Vicuna had reached into his jacket and pulled out a gun.
‘Rodriguez,’ he said. ‘Step away from the tree.’
I had no idea what was happening, but I saw now that Rodriguez’s own hand was buried in his pocket, as if he had been on the point of reaching for something. Vicuna waggled the end of his gun emphatically.
‘I said step away.’
‘Doctor,’ I said, ‘would you mind explaining why you are threatening one of my men?’
‘Gladly, Mirabel. After I’ve dealt with him.’
Rodriguez looked at me, eyes wide in what looked like confusion. ‘Tanner, I don’t know what he’s on about. I was just going for my rations pack…’
I looked at Rodriguez, then at the ghoul.
‘Well, doctor?’
‘He has no rations pack in that pocket. He was reaching for a weapon.’
It made no sense. Rodriguez was already armed — he had a hunting rifle slung over one shoulder, just like Cahuella.
The two of them faced each other, frozen.
I needed to make a decision.

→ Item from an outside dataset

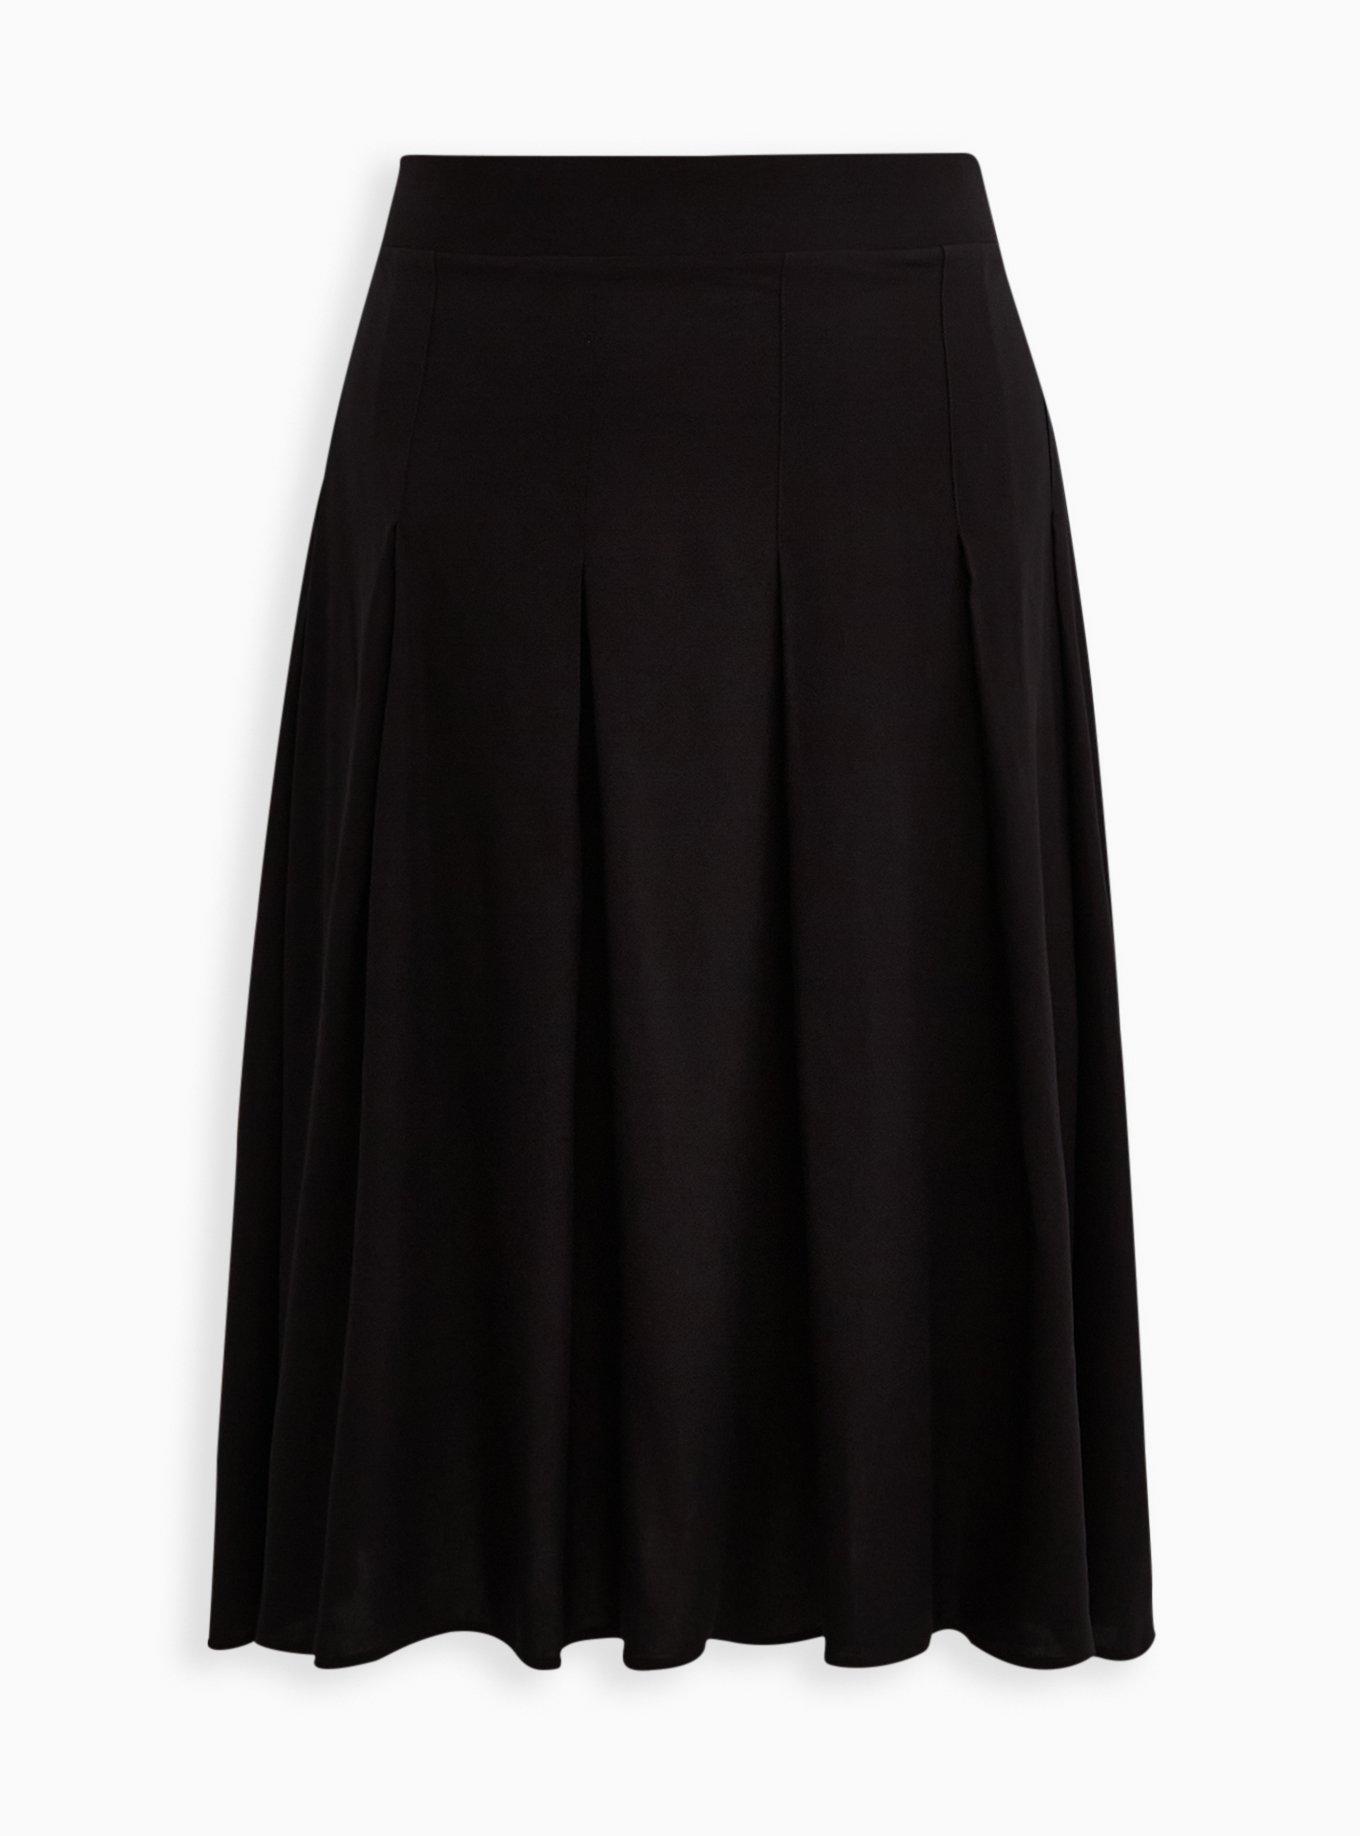 Plus Size - High Waisted Pleated Midi Skirt - Challis Black - Torrid

I nodded at Cahuella. ‘Let me handle this. Get yourself and Gitta away from here; away from any possible line of fire. I’ll meet you back at the camp.’
‘Yes!’ Vicuna hissed. ‘Get away from here, before Rodriguez kills you.’
Cahuella took his wife and stepped hesitantly away from the tableau. ‘Are you serious, doctor?’
‘He seems adequately serious to me,’ Dieterling murmured. He was already edging away himself.
‘Well?’ I said, towards the ghoul.
Vicuna’s hand was trembling. He was no gunman — but no kind of marksmanship would have been necessary to take out Rodriguez at the distance that spaced them. He spoke slowly and with forced calm. ‘Rodriguez is an impostor, Tanner. I received a message from the Reptile House while you were here.’